McConnell Says He May Be Open to Bipartisan Measure on Health Care

It burns! Photo: Win McNamee/Getty Images

After Susan Collins, Lisa Murkowski, and John McCain shattered his dream of taking away health insurance from millions of Americans, Senate Majority Leader Mitch McConnell is facing a horrifying new reality: He may need to work with Democrats to stabilize Obamacare.

Over the weekend, McConnell acknowledged that harsh truth — sort of — when he told reporters in Kentucky that he could imagine working with senators across the aisle to help shore up health insurance markets.

“If the Democrats are willing to support some real reforms rather than just an insurance company bailout, I would be willing to take a look at it,” McConnell said. He also maintained there was “still a chance” Republicans could yet repeal Obamacare, while admitting that the chances are fading every day.

It’s unclear what McConnell means by “real reforms.” If they involve any of the provisions in his “skinny repeal” bill that failed in the Senate, it’s unlikely Democrats would want to cooperate.

But it’s also unclear just how much leverage McConnell has left on the issue. Since the frenzied attempt to repeal and replace Obamacare died its dramatic death, Democrats and Republicans in Congress have opened discussions about how to shore up the law as a countermeasure to President Trump’s master strategy: letting it collapse.

Tennessee senator Lamar Alexander, the chairman of the Senate Health, Education, Labor and Pensions Committee, along with his Democratic counterpart, Washington’s Patty Murray, have announced bipartisan hearings in September to address struggling health-care exchanges. And in the House, representatives Tom Reed of New York and Charlie Dent of Pennsylvania worked with Democrats to introduce legislation that would help fund vital cost-sharing subsidies, which Trump has threatened to cut off.

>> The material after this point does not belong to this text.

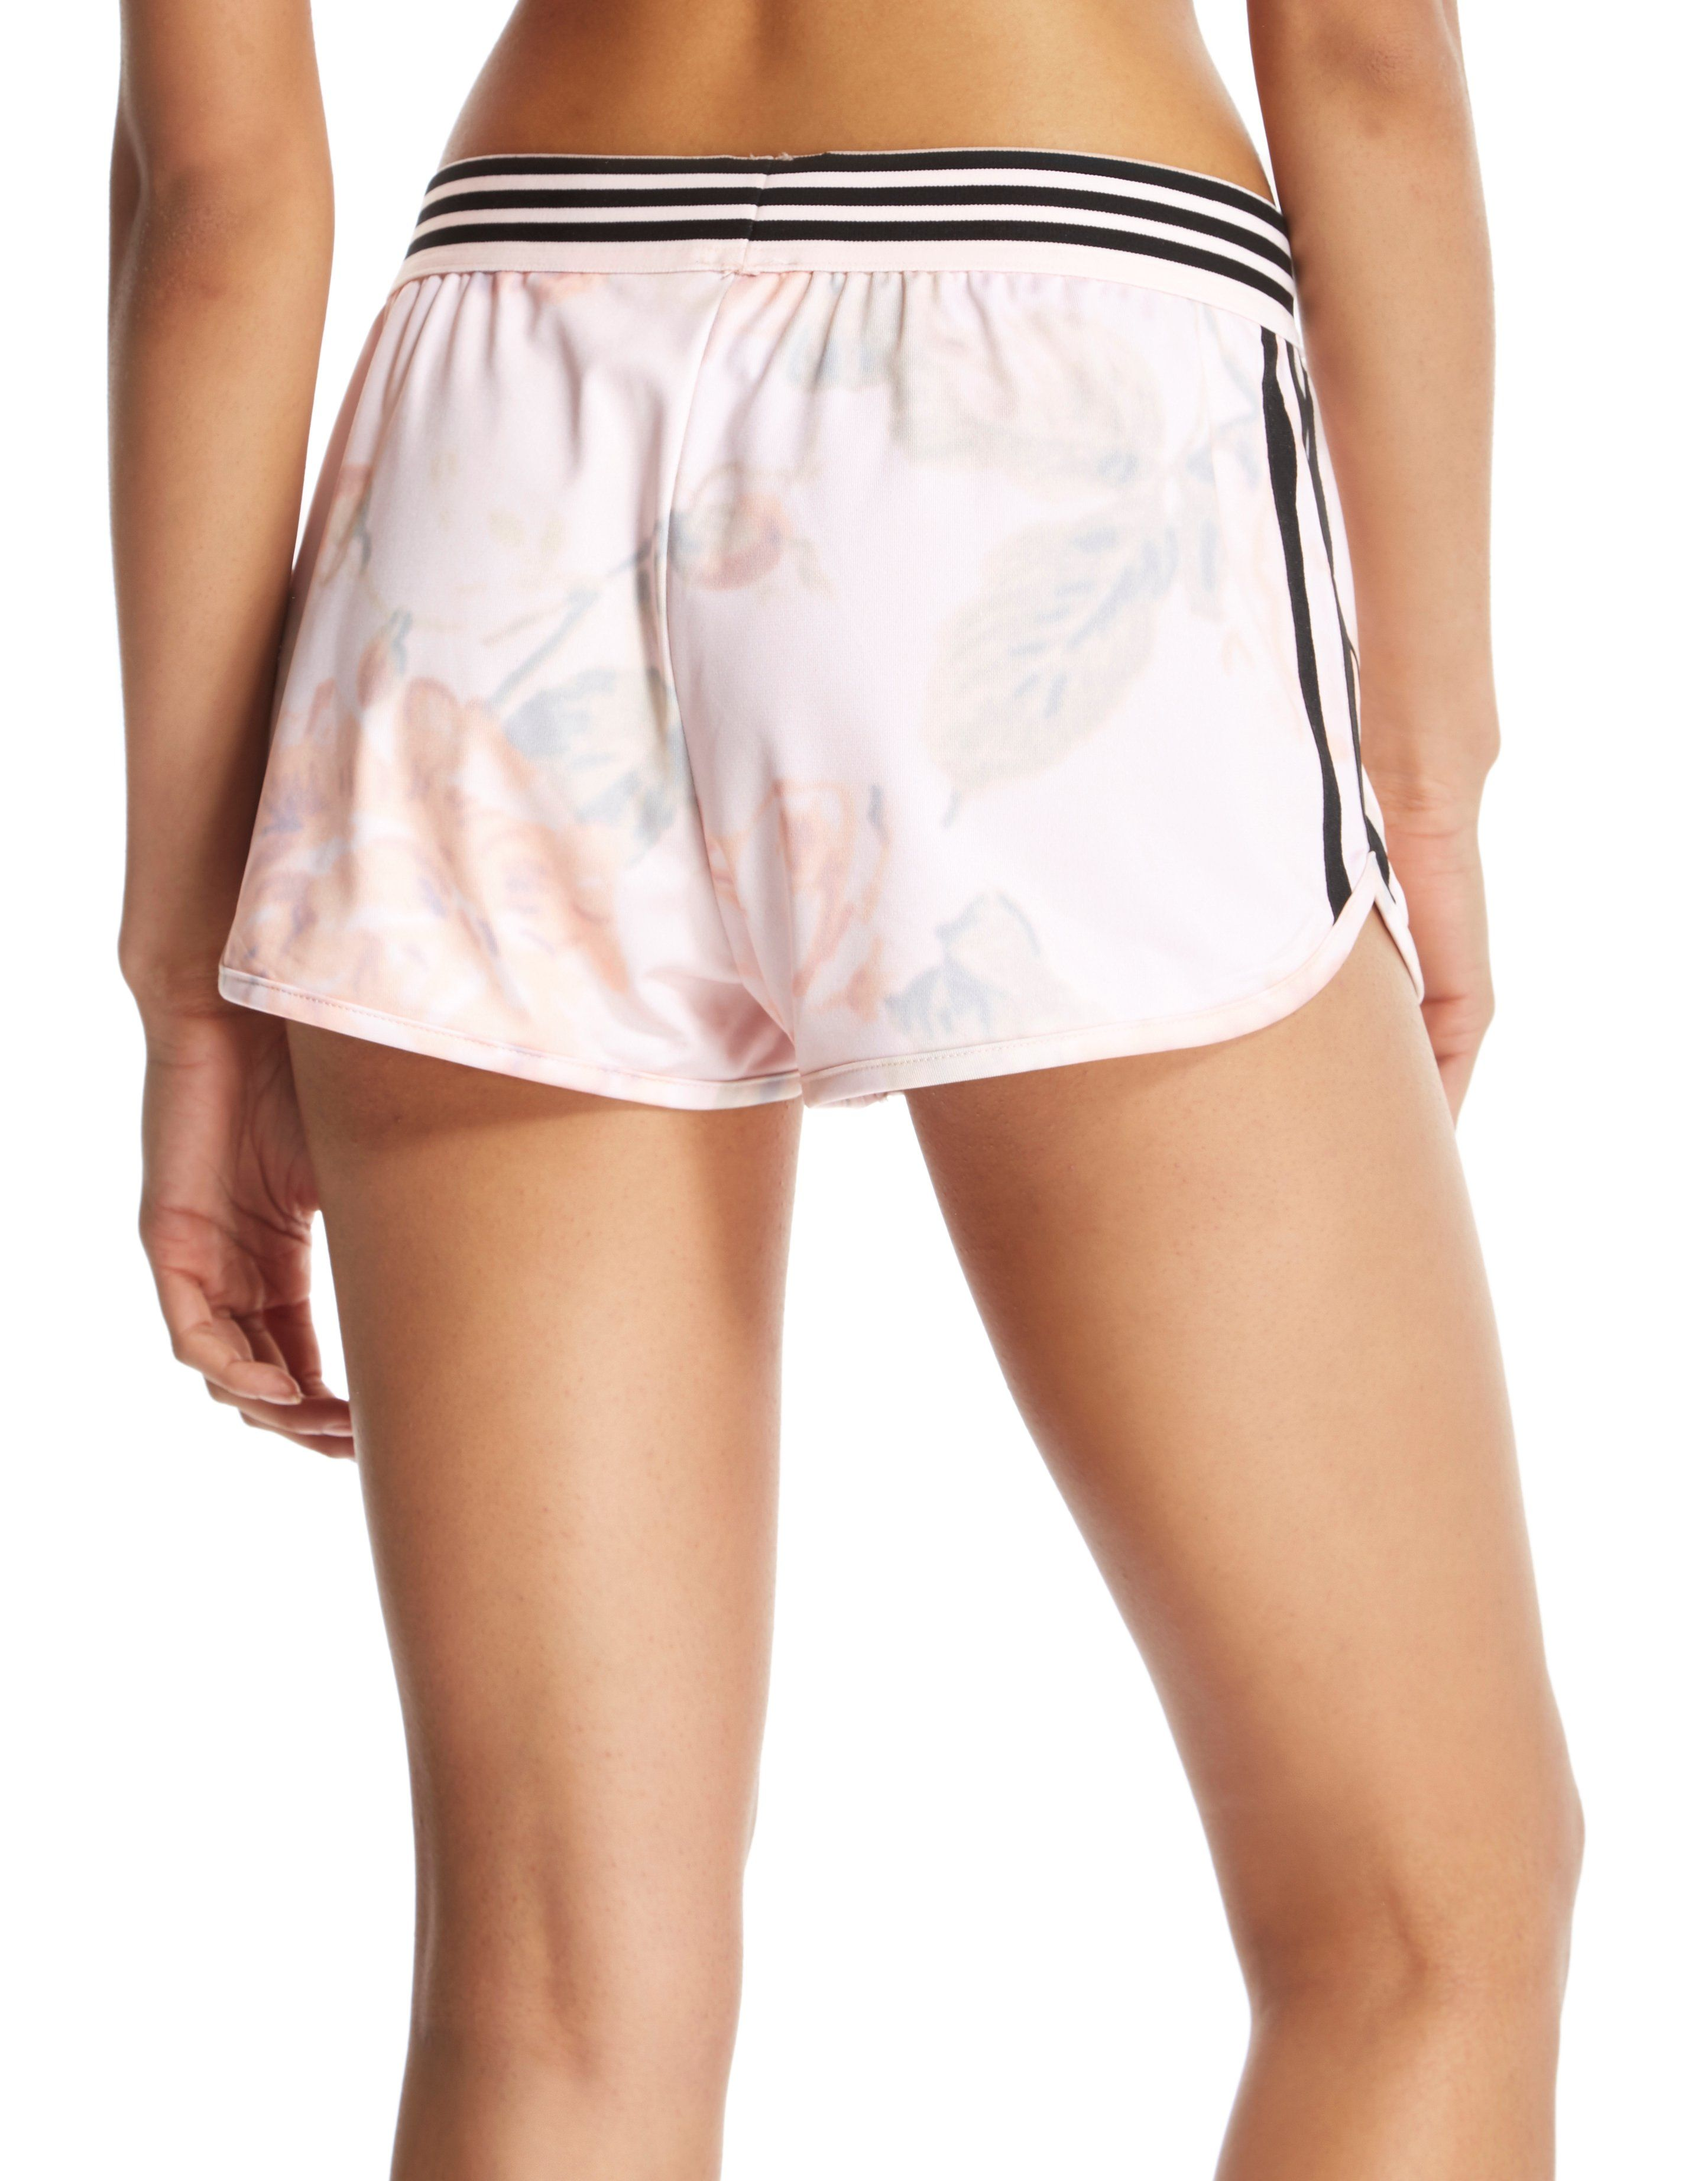 adidas Originals 'Rose Collection' Pastel Rose Running Shorts
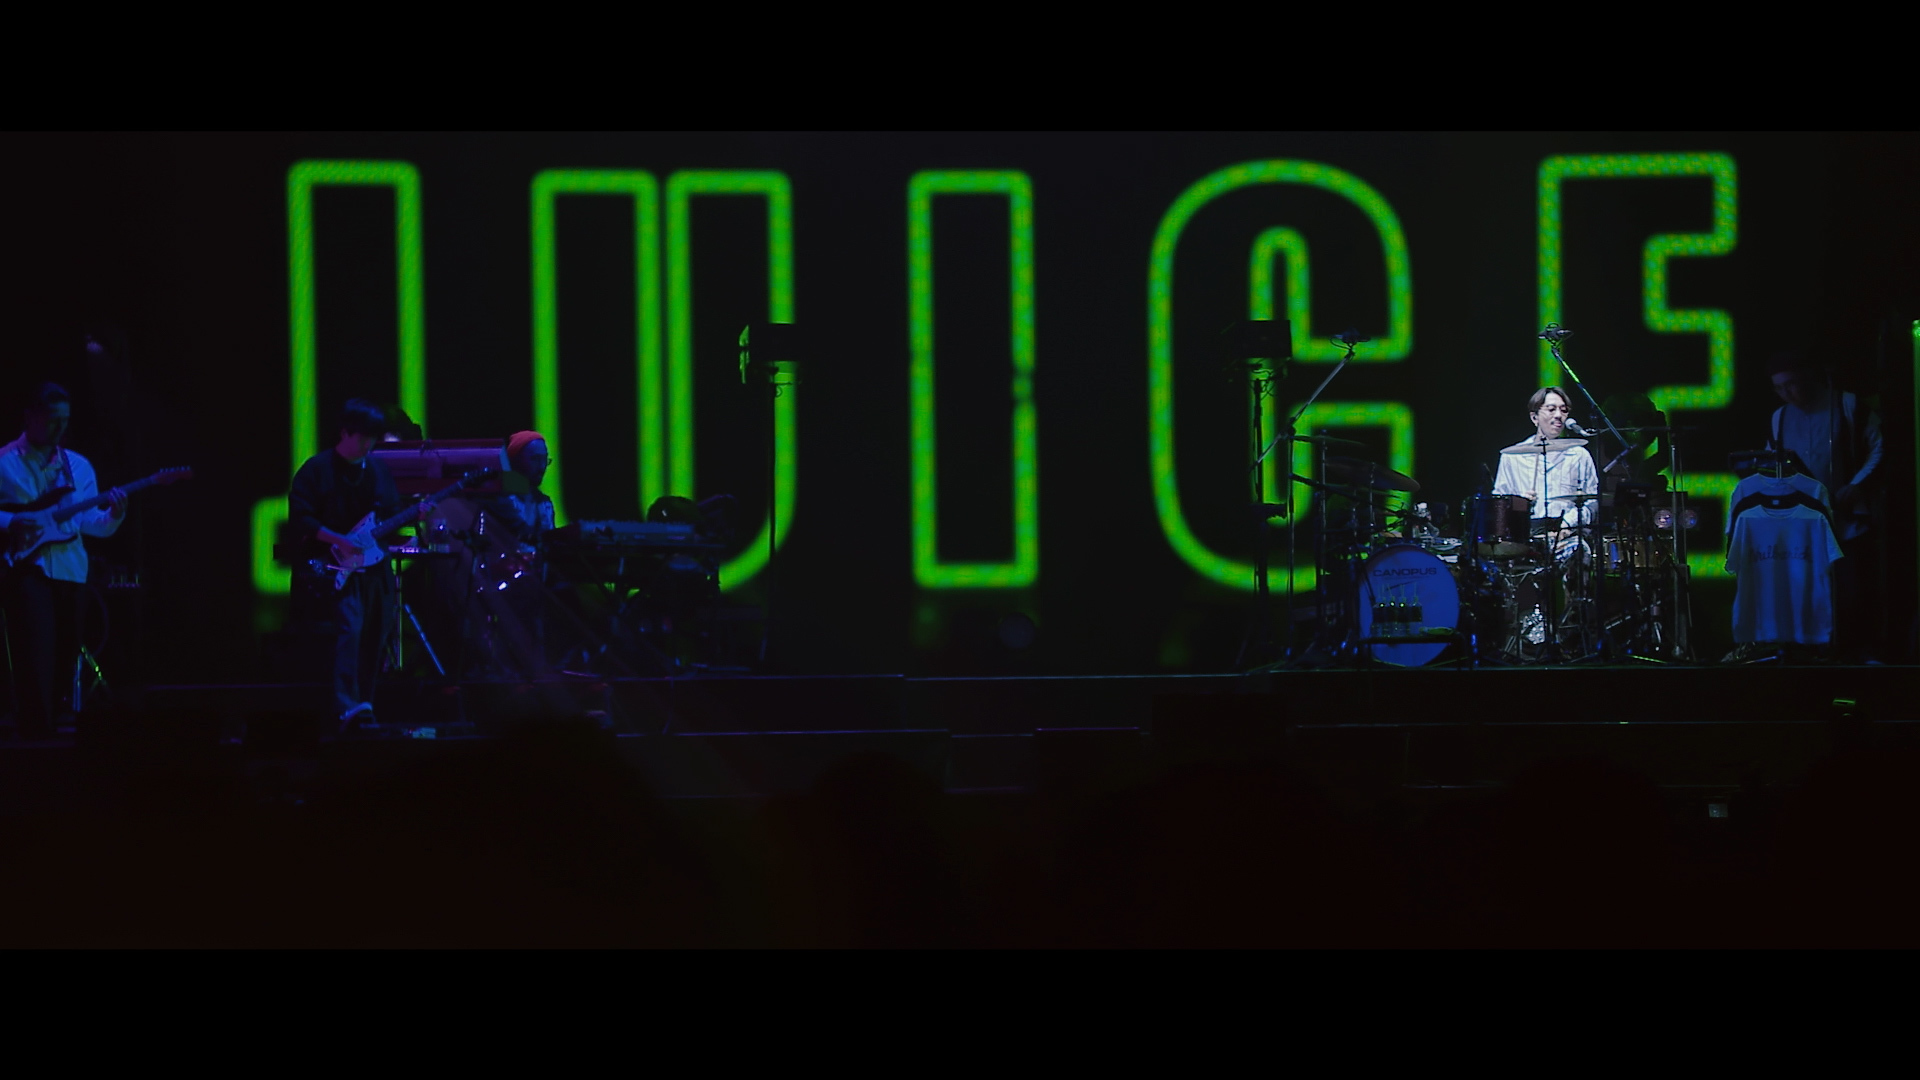 Nulbarich - JUICE Live ver. @2018.11.02 NIPPON BUDOKAN/2月8日正午12:00  YouTubeにてプレミア公開

Most Republicans aren’t involved with these efforts, and getting any bipartisan legislation through Congress would be a heavy lift. But even a hint of cooperation is a significant departure. Since Obamacare went into effect, GOP lawmakers have almost uniformly ignored the kind of fixes that could make the law function better. They have instead let problems — like unstable marketplaces — fester in an effort to prove their unshakable opinion that the law is a catastrophe, paving the way for its repeal.

But now, with that possibility likely out of the picture, McConnell faces a dilemma. Though the marketplaces are not in a death spiral, as Trump and Paul Ryan would have the public believe, they need significant patching up. McConnell knows that if exchanges collapse or insurers raise prices out of uncertainty, voters will likely punish Republicans, not Democrats, in 2018. So he can face reality and improve the law he so loathes, or continue to push for an increasingly quixotic repeal.

Suffice it to say, this isn’t the sort of decision he was hoping to make in August 2017.